This day in 1979 was a bad one for rock. One of the single worst events in pop music history took place at the gates of Riverfront Coliseum in Cincinnati. Eleven young people were killed, and 8 more badly injured in a stampede to get in to see a concert by The Who.The Brits were in the third and final leg of a nearly year-long tour for their Who Are You? album. The tour was slated to run through the northeastern States through until a little before Christmas. It was already a somewhat downbeat time for the band; they’d just recruited new drummer Kenney Jones to replace the friend and longtime drummer, Keith Moon, who’d died the year before.
While the stadium held about 45 000 for baseball, it was in a music venue format, with about 18000 tickets sold, of which a little over 14000 tickets had been sold as “general admission”, with first come, first-served seating . This could lead to enough problems in its own right, but making it much worse, a radio station had erroneously reported that ticket holders could begin getting in as early as 3PM. By the time 7PM rolled around and the crowds were still outside, agitation and anxiety levels were high when The Who began doing a soundcheck. People heard and assumed the concert had begun. The resultant crush to get in and get close to the stage had tragic results which eventually caused the practice of general admission seating to be stopped in most locations.
The Who played on, unaware of what had transpired outside and were horrified when they found out. Roger Daltrey said “there’s no words to say what I feel. I’m a parent as well…” The
The city and the promoters were successfully sued by the families of the deceased and a number of injured fans. The event was also covered with surprising solemn gravitas by the sitcom WKRP In Cincinnati, which was in its second season and revolved around a fictitious rock radio station in that city at the time.

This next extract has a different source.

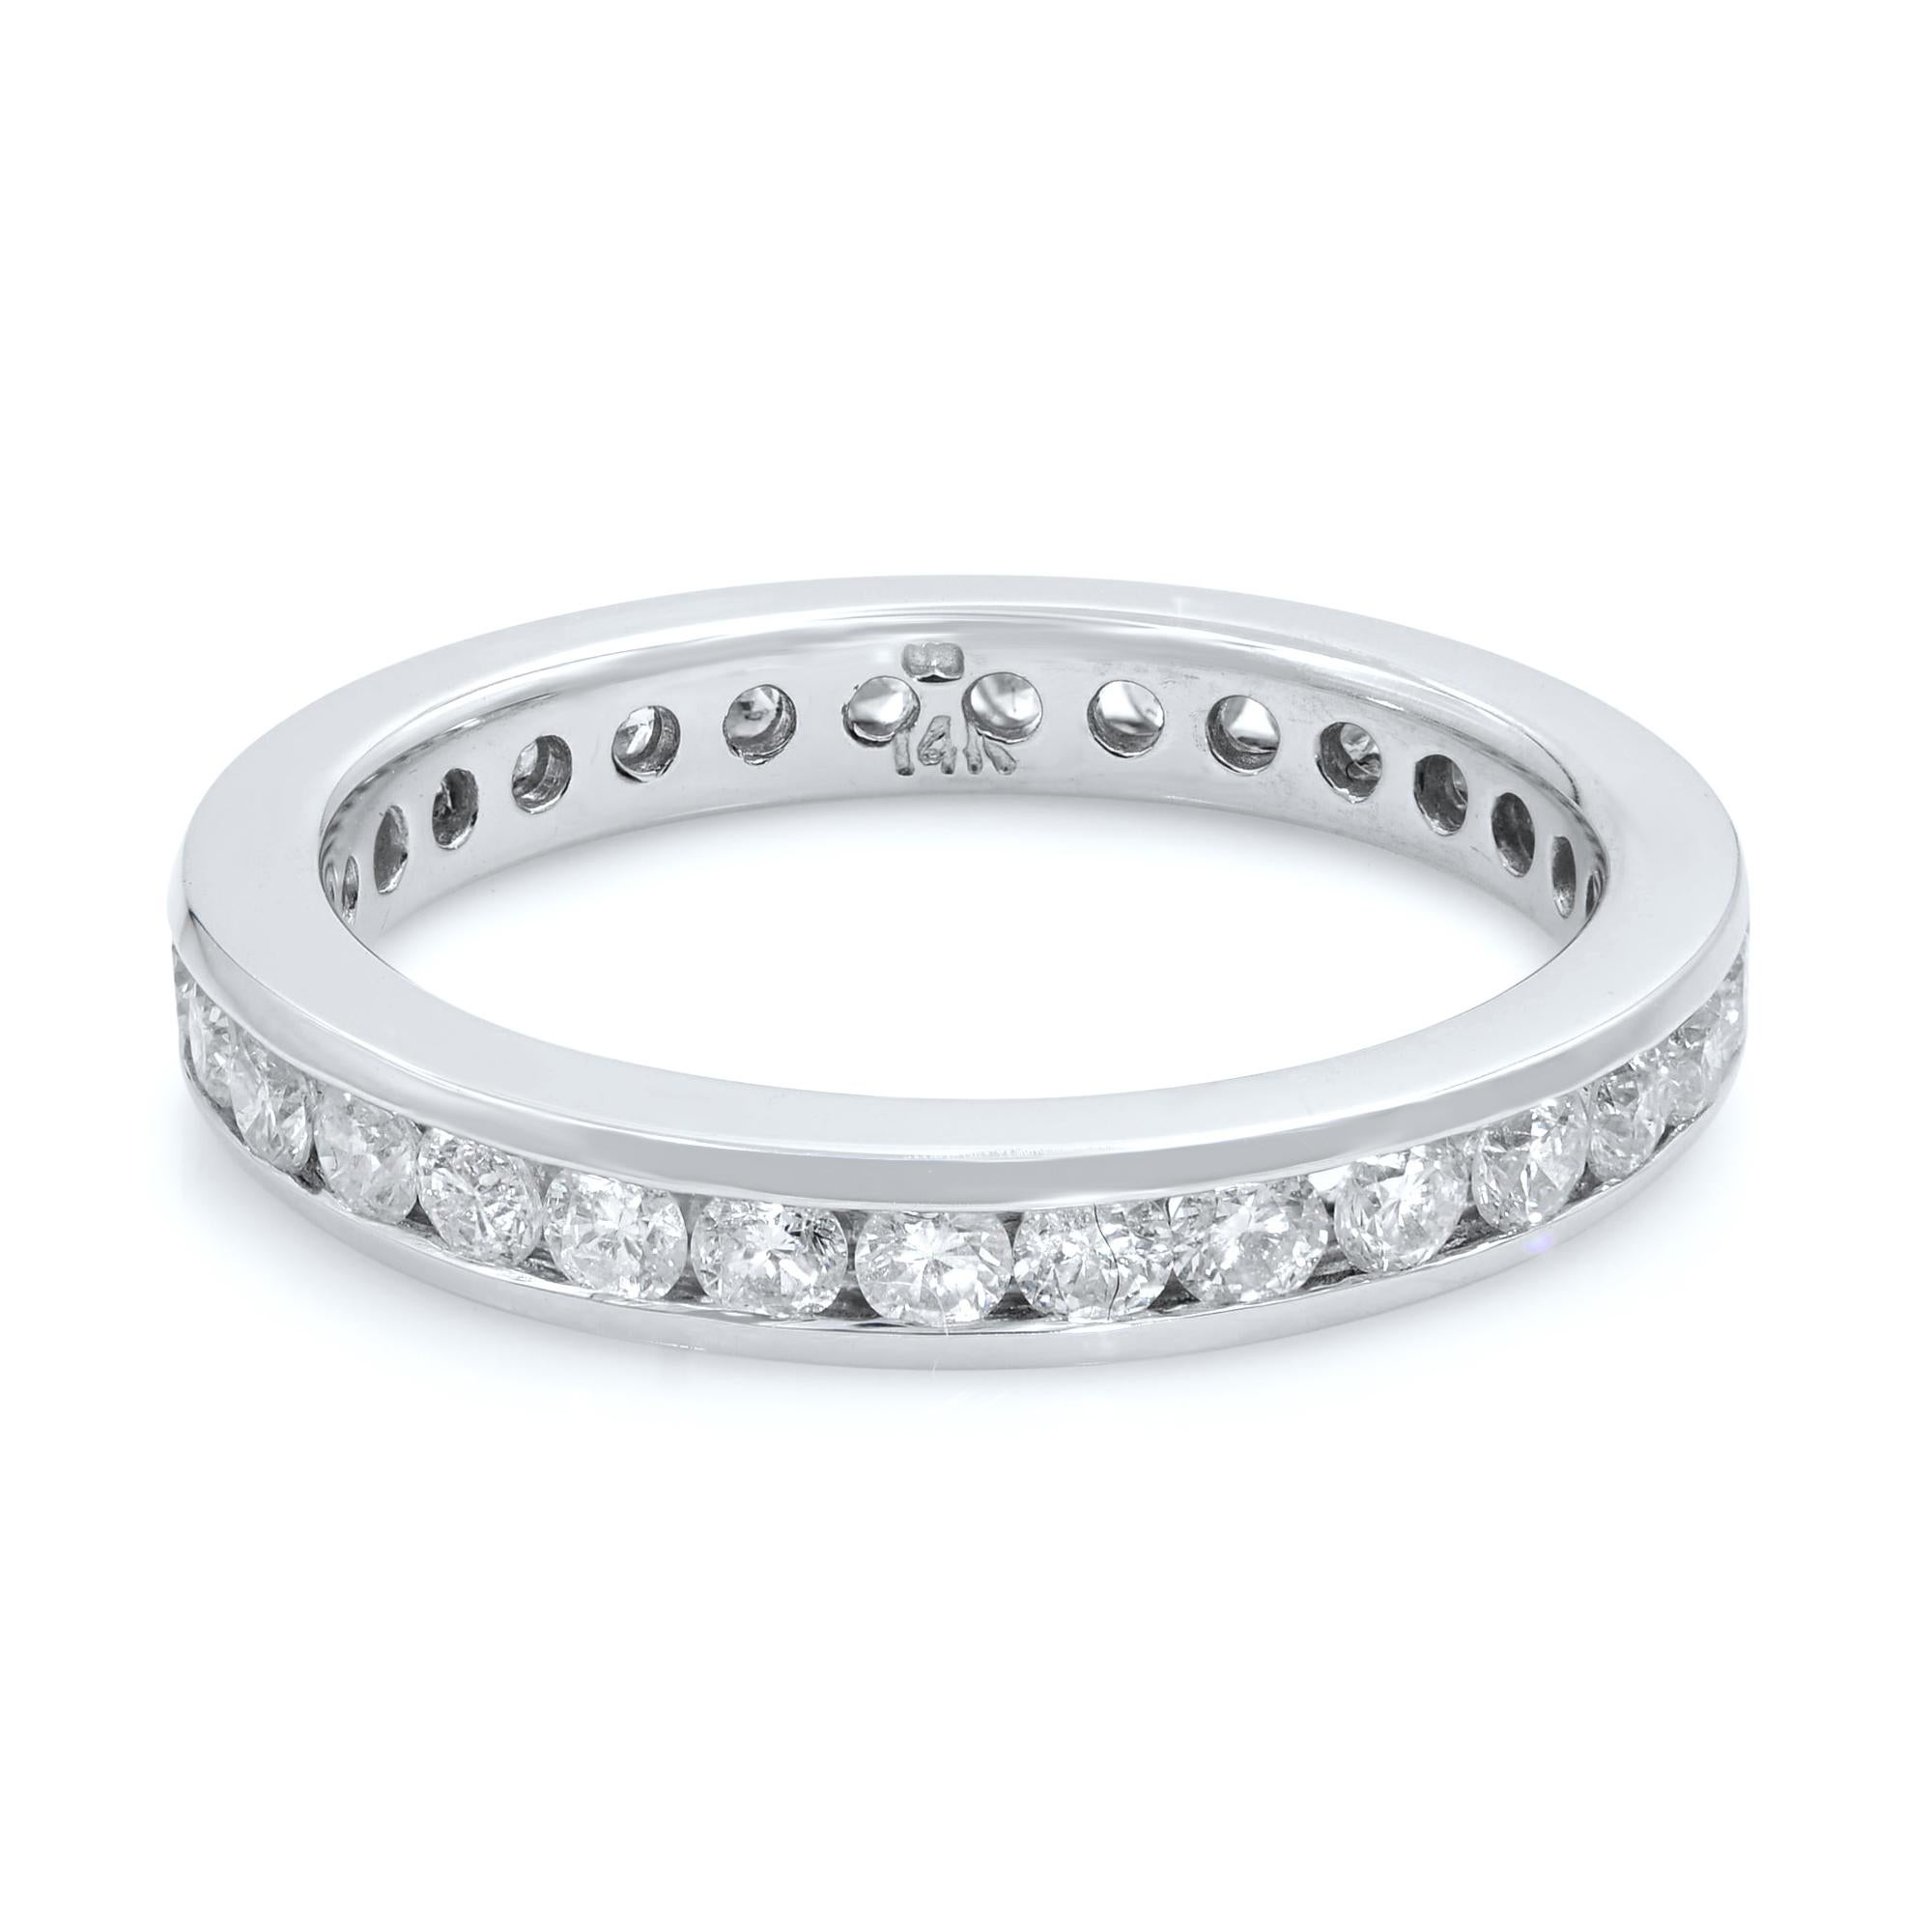 Celebrate your enduring love with this stunning wedding/anniversary band encrusted with sparkling diamonds. This elegant 14k white gold ring comes with round cut diamonds in channel setting all along the band. Total diamond carat weight is 0.60. The

Addendum — Hanspostcard correctly pointed out the concert was at Riverfront Coliseum not the Reds’ baseball Riverfront Stadium. The coliseum, now I believe called US Bank Arena, was also on the riverfront but was an indoor venue (sensible for Ohio in early winter) which only held the 18 000 tickets sold.
The concert was at Riverfront Coliseum- an indoor venue with a capacity of 18,348 tickets sold for that night- a sellout.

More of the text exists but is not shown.